Somewhere in the swiftly fading dusk a man worked late upon his land and he sang while he worked. They heard his voice, and David felt the quick grip of his wife’s hand.
“What are you feeling, Olivia?”
They were sitting in the enclosed veranda of the hill house, safe against the night insects, and the cool high air was refreshing. Though he had decided upon this week alone with her, he could not leave his thoughts behind in Poona, nor his spreading plans, nor, above all, his doubts. His life, he sometimes thought, was a series of strong steps forward, and then long pauses of doubt. Thus, was it wise to set up these great buildings, to erect vast edifices for the future? Was he building in God-driven faith, or was he simply the son of MacArd, compelled by his inherited perspectives to create huge shapes of brick and stone?

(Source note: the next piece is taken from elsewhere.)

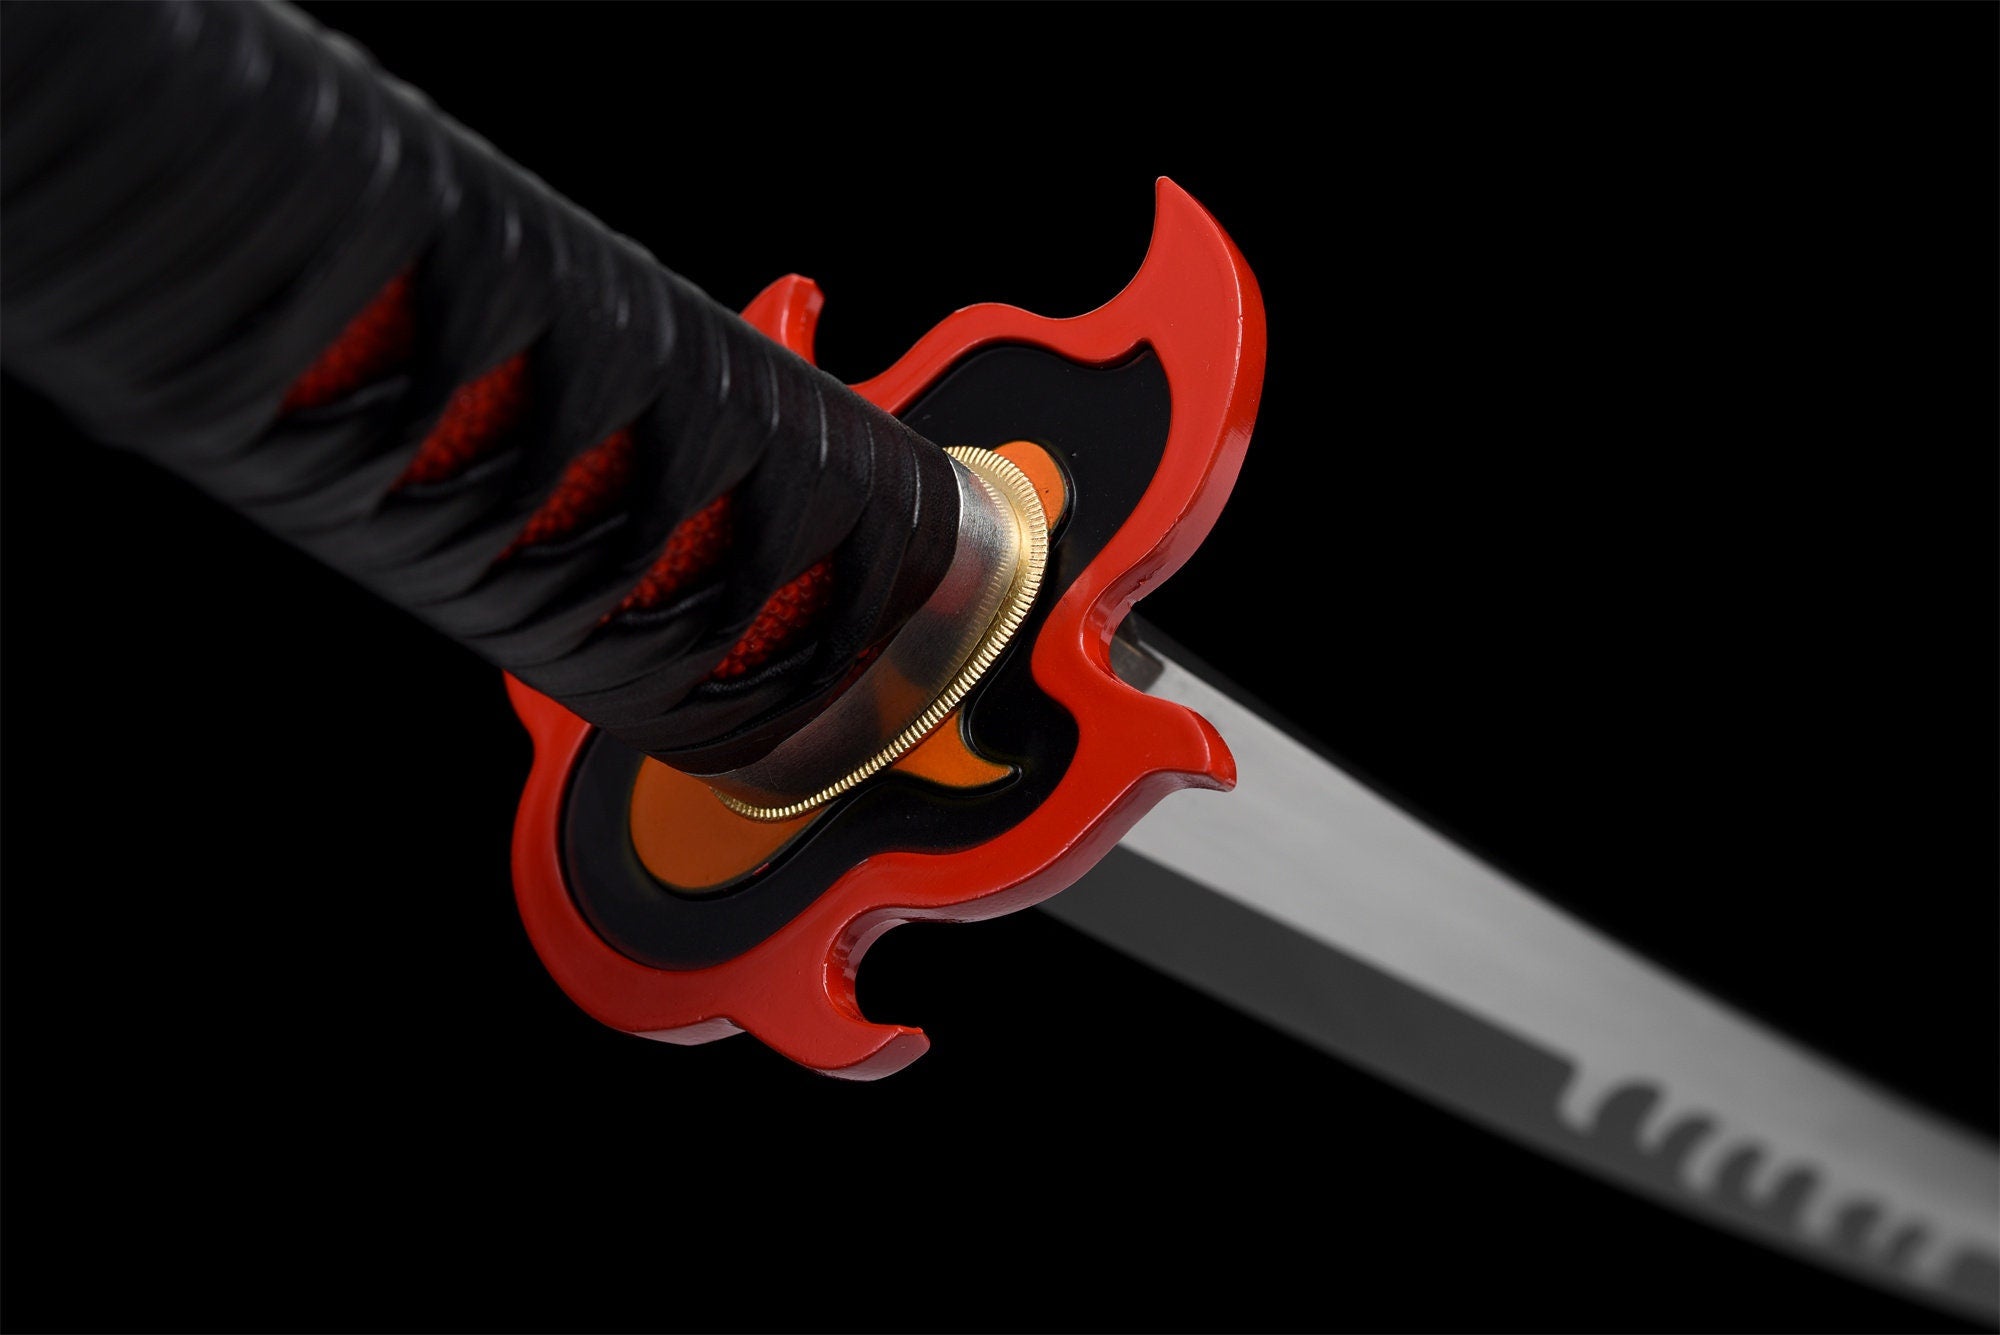 Black Anime Sword,Katana Sharp,Real Japanese Samurai Sword,Handmade Anime Katana,Full Tang,High-carbon steel

And yet India herself compelled large thinking, immense plans. Millions waited and he could not consider in terms of one and one and one and one—
“That music makes me fearfully lonely,” Olivia said suddenly.
“Why?”
“Even here with you I am lonely, a sort of world loneliness I cannot define.”
“Perhaps it is only that you can’t see the face of the man who sings,” he suggested.
“Perhaps.”
They fell silent, it was too much effort, she thought, to explain herself to him. For if she did, or could, his mind would not stay upon what she said. The voice of the lonely man had sent him far off. He was dreaming his vast dreams and though he loved her and she was sure of that, she knew now that she was not his only love. She must share him with millions of people, with these singers in the night, whose faces he did not see, though they were continually with him, the stuff of his thoughts and dreams. She had lost him for herself alone. These few days in the hills had shown her clearly enough that she could never possess him because he was already possessed and her hold upon him, whatever it was, could grow only if she became a part of all that he loved. That is, she, too, must give herself to India. Even the child could not make David wholly her own.